Remark 3.1 If $\frac{r_3}{r_1}<\frac{2}{T}$, the condition (H4) can be not assumed, i.e., it follows only from (H1)-(H3) that Equation (1.1) has a T-periodic solution.

4 An example

In this section, as applications for Theorem 3.1, we list the following example.

Example 4.1

Consider prescribed mean curvature Rayleigh equation with a deviating argument

$${\left(\frac{x^{\prime }}{\sqrt{1+x^{\mathrm{\prime }2}}}\right)}^{\prime }+f(t,x^{\prime }(t))+g(t,x(t-\frac{1}{2}{cos}^{2}t))=cost,$$

(4.1)

where $f(t,x)=(2+\frac{1}{2}{sin}^{2}t)\frac{x^3}{\sqrt{1+x^4}}$, $g(t,x)=\frac{1}{3}(1+{sin}^{4}t)\frac{x^5}{\sqrt{1+x^8}}$.

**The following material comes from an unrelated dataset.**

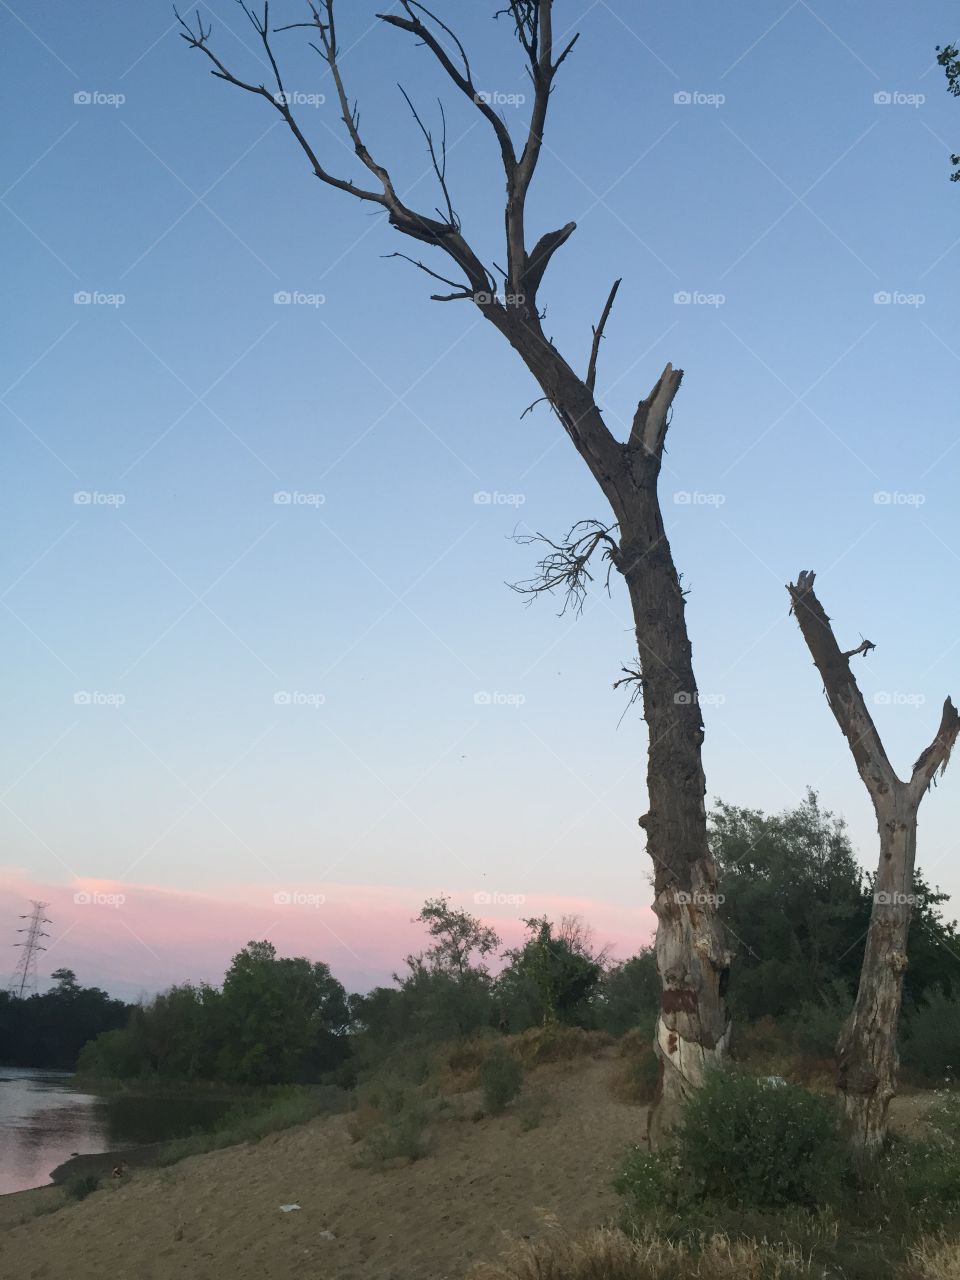 Favorite Trees in the Sunset. Sacramento River, Ca

Let $T=2\pi$. Clearly, $r_1=2$, $r_2=\frac{3}{2}$, $r_3=\frac{2}{3}$, $\alpha =\frac{1}{2}$, and

$$\frac{r_3}{r_1}=\frac{1}{3}<max\{\frac{2}{2\pi },\frac{1}{\frac{1}{2}+\frac{2\pi }{\pi }}\}=\frac{2}{5}.$$

From Theorem 3.1, Equation (4.1) has at least one T-periodic solution.

Remark 4.1 If $f(t,x)=(2+\frac{1}{2}{sin}^{2}t)x$, $g(t,x)=\frac{1}{3}(1+{sin}^{4}t)x$, Equation (4.1) is a prescribed mean curvature Liénard equation. By using Theorem 3.1, it has at least one 2π-periodic solution, which cannot be obtained by [15]. This implies that the results of this paper are essentially new.